Data in this exercise:
╭──
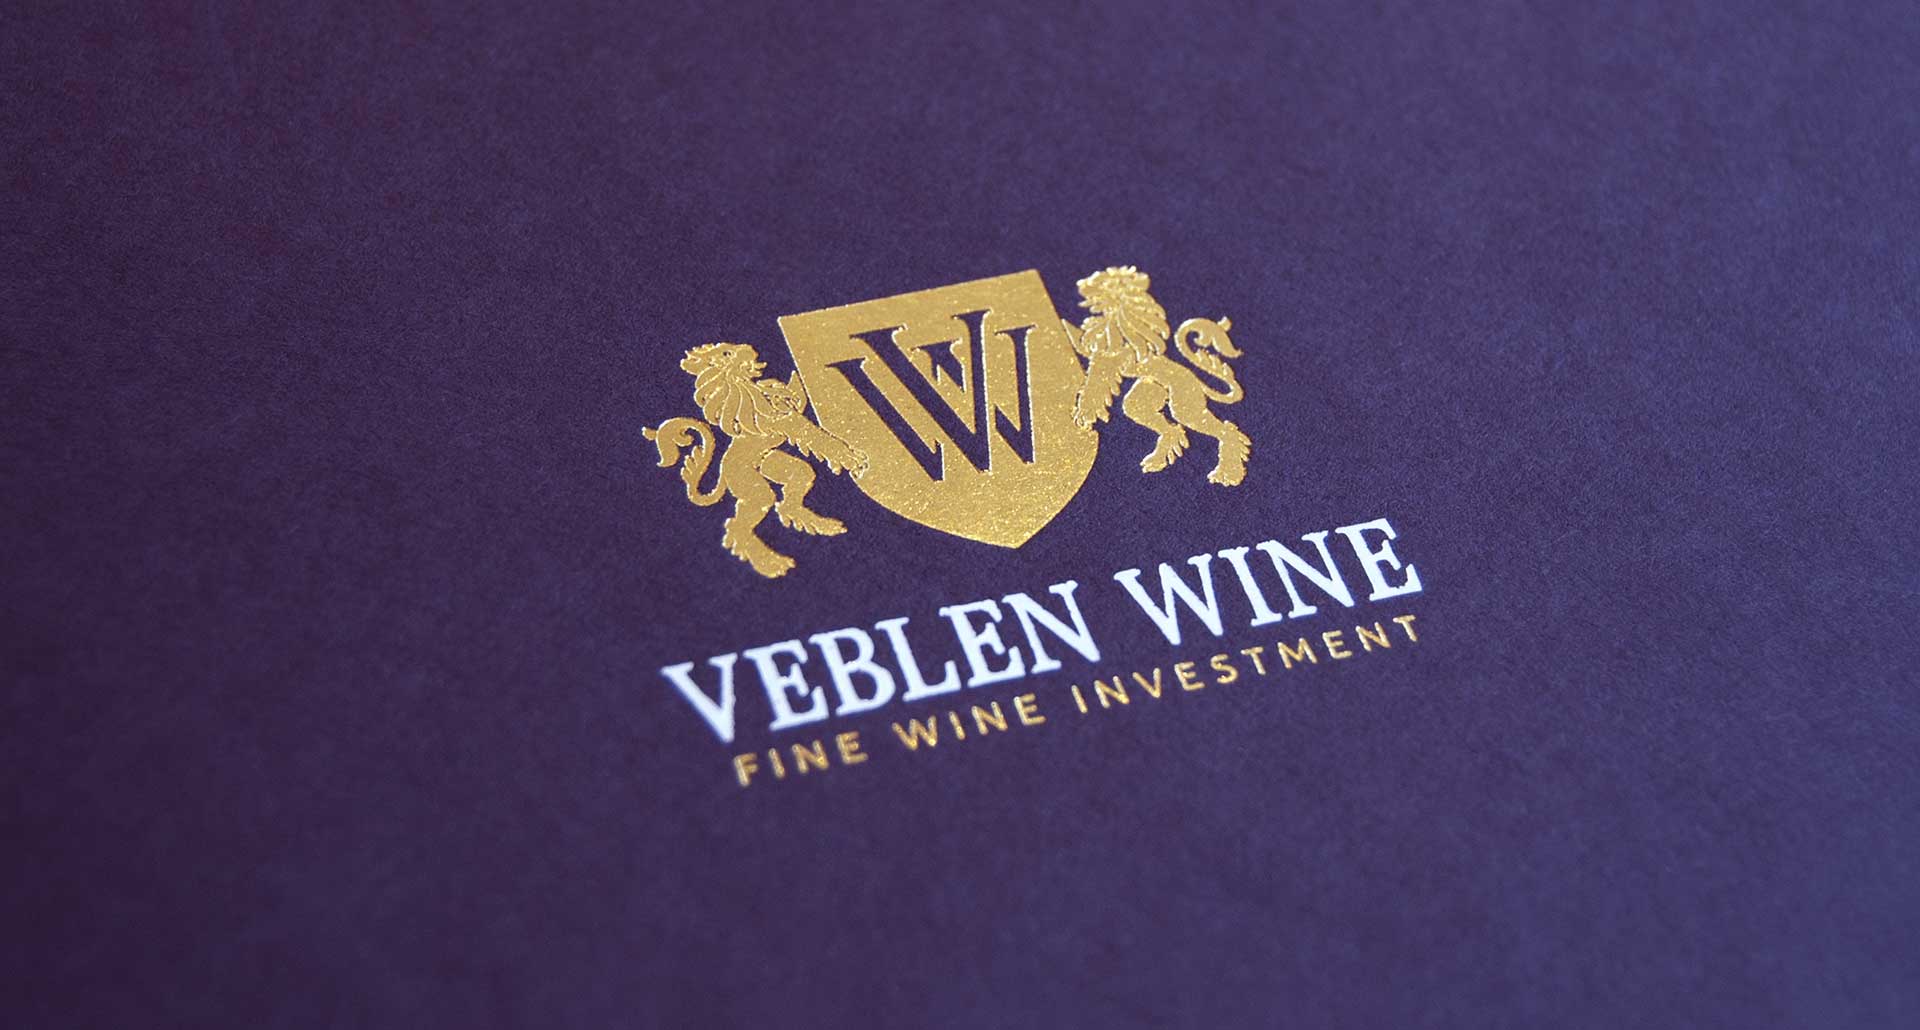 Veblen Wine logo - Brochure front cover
╰──
╭──
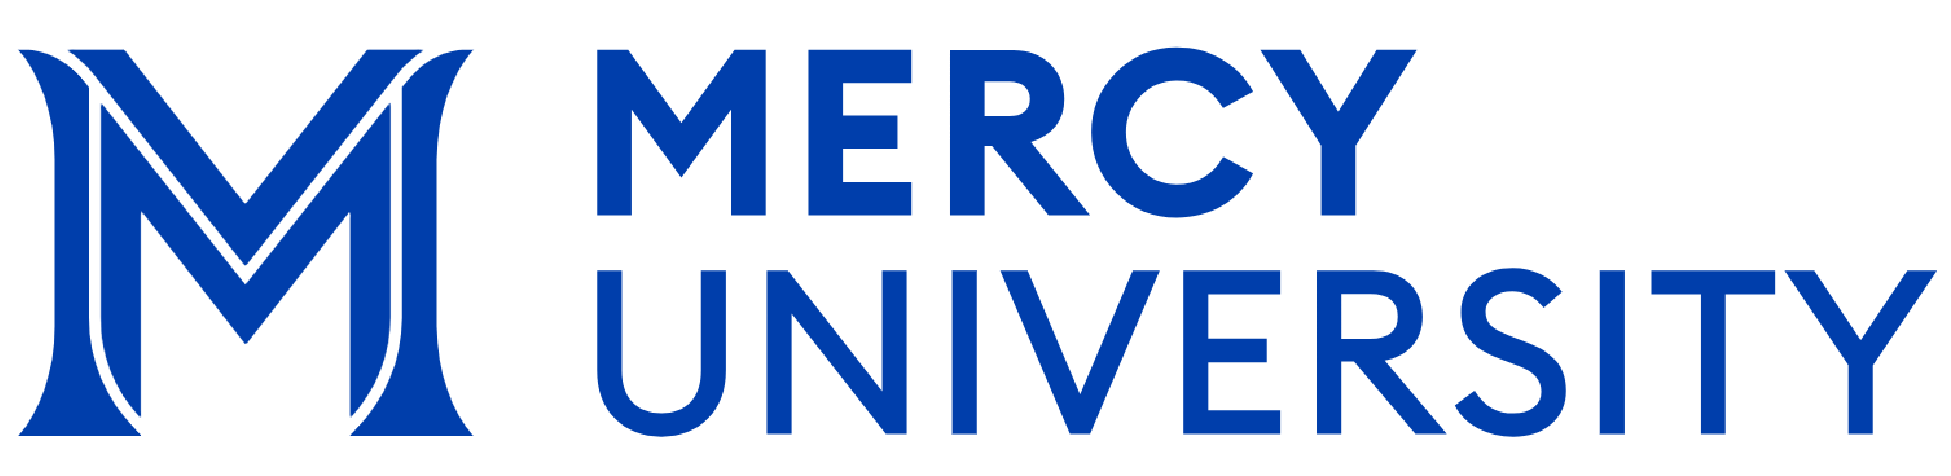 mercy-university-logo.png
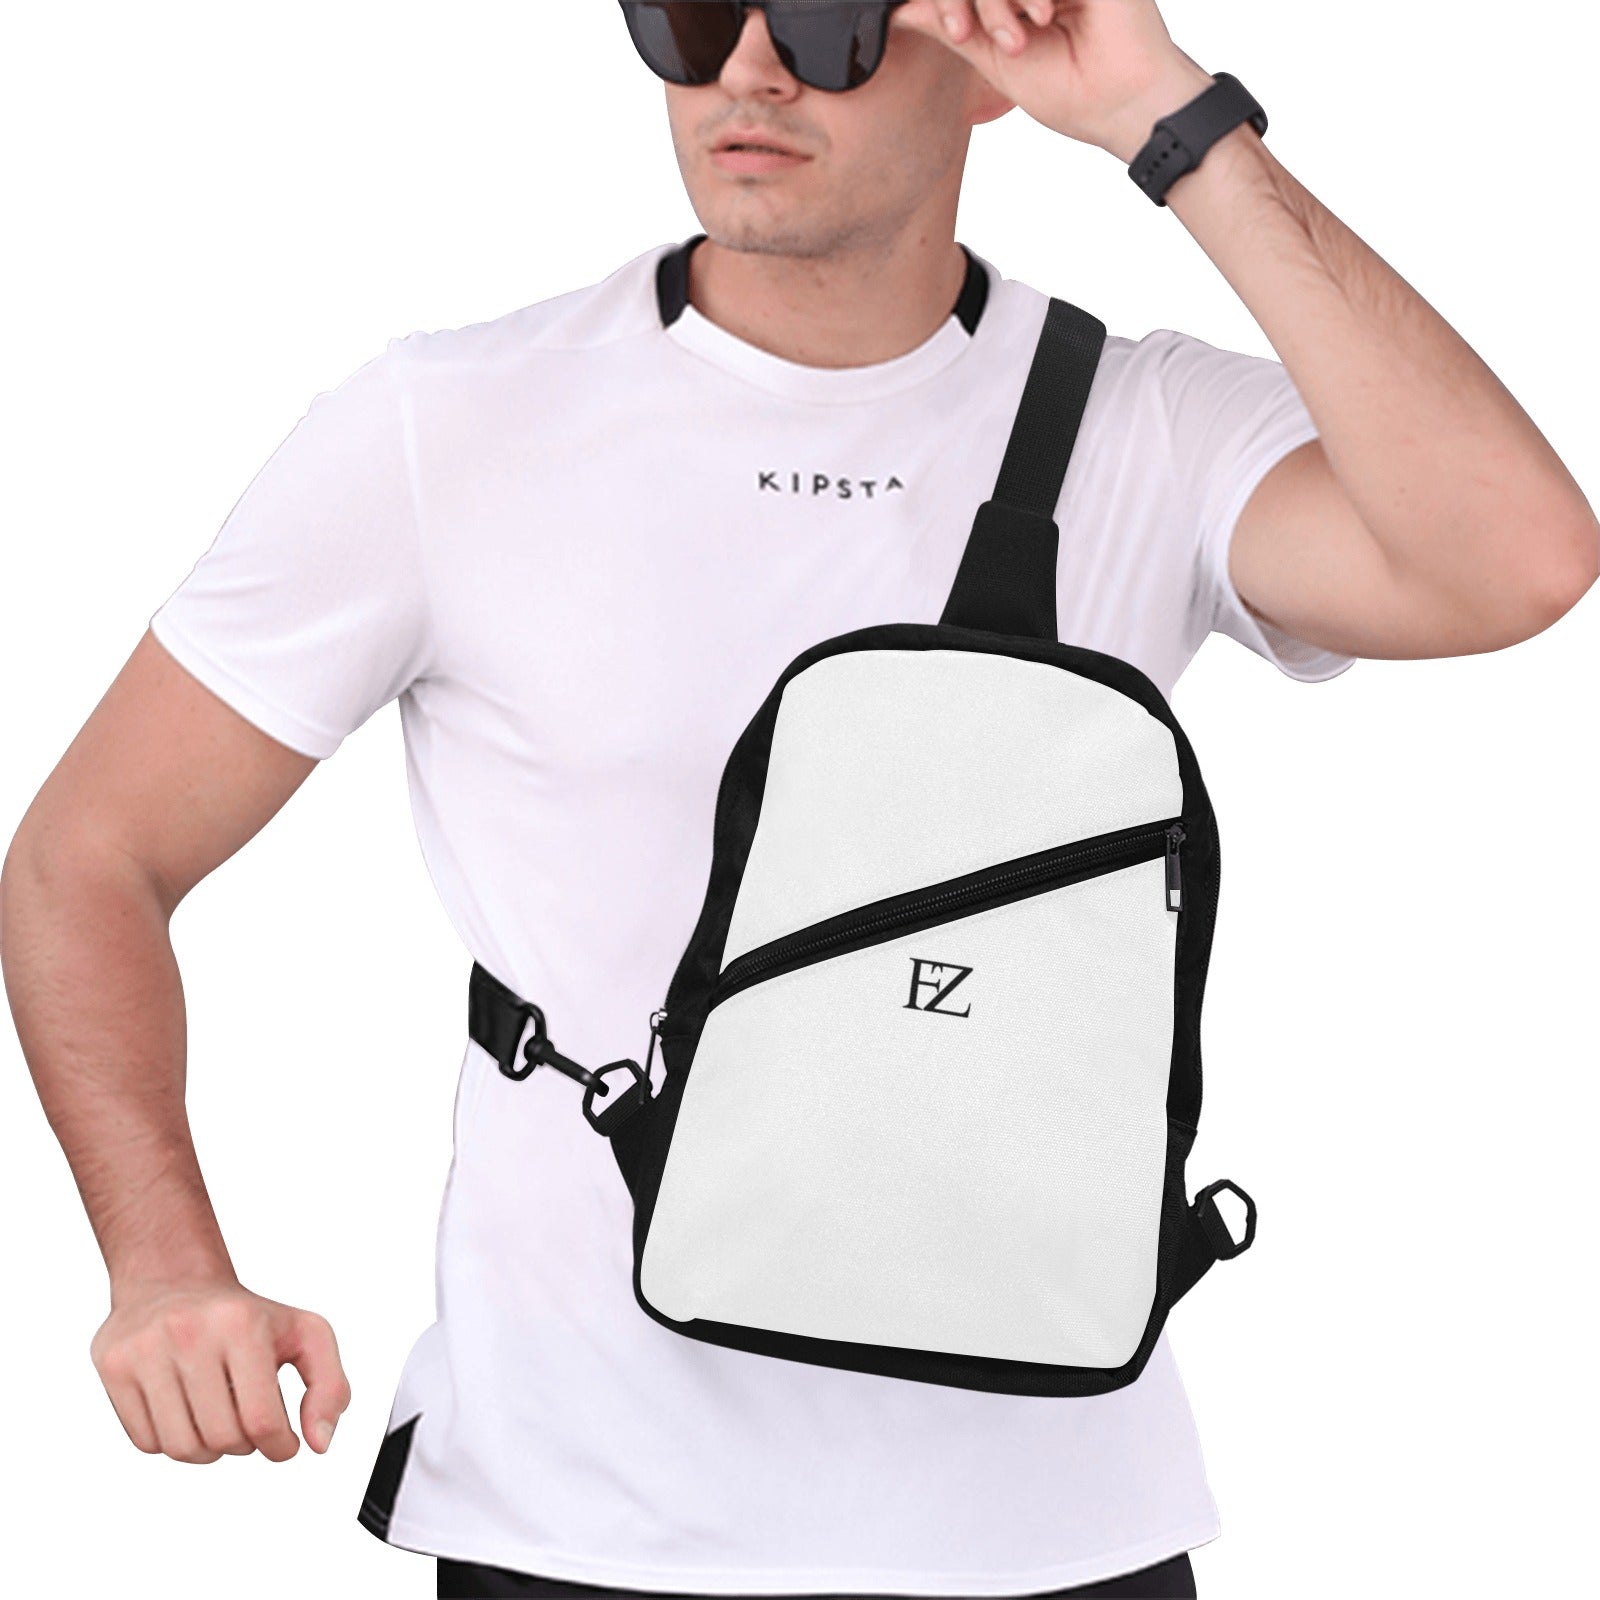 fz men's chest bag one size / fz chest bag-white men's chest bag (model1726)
╰──
Task directions: Starting at the line containing "mercy-university-logo.png" and stopping at the line containing "fz men's chest", output each line exactly as it appears above. Leave out the pictures.

Your solution:
 mercy-university-logo.png
 fz men's chest bag one size / fz chest bag-white men's chest bag (model1726)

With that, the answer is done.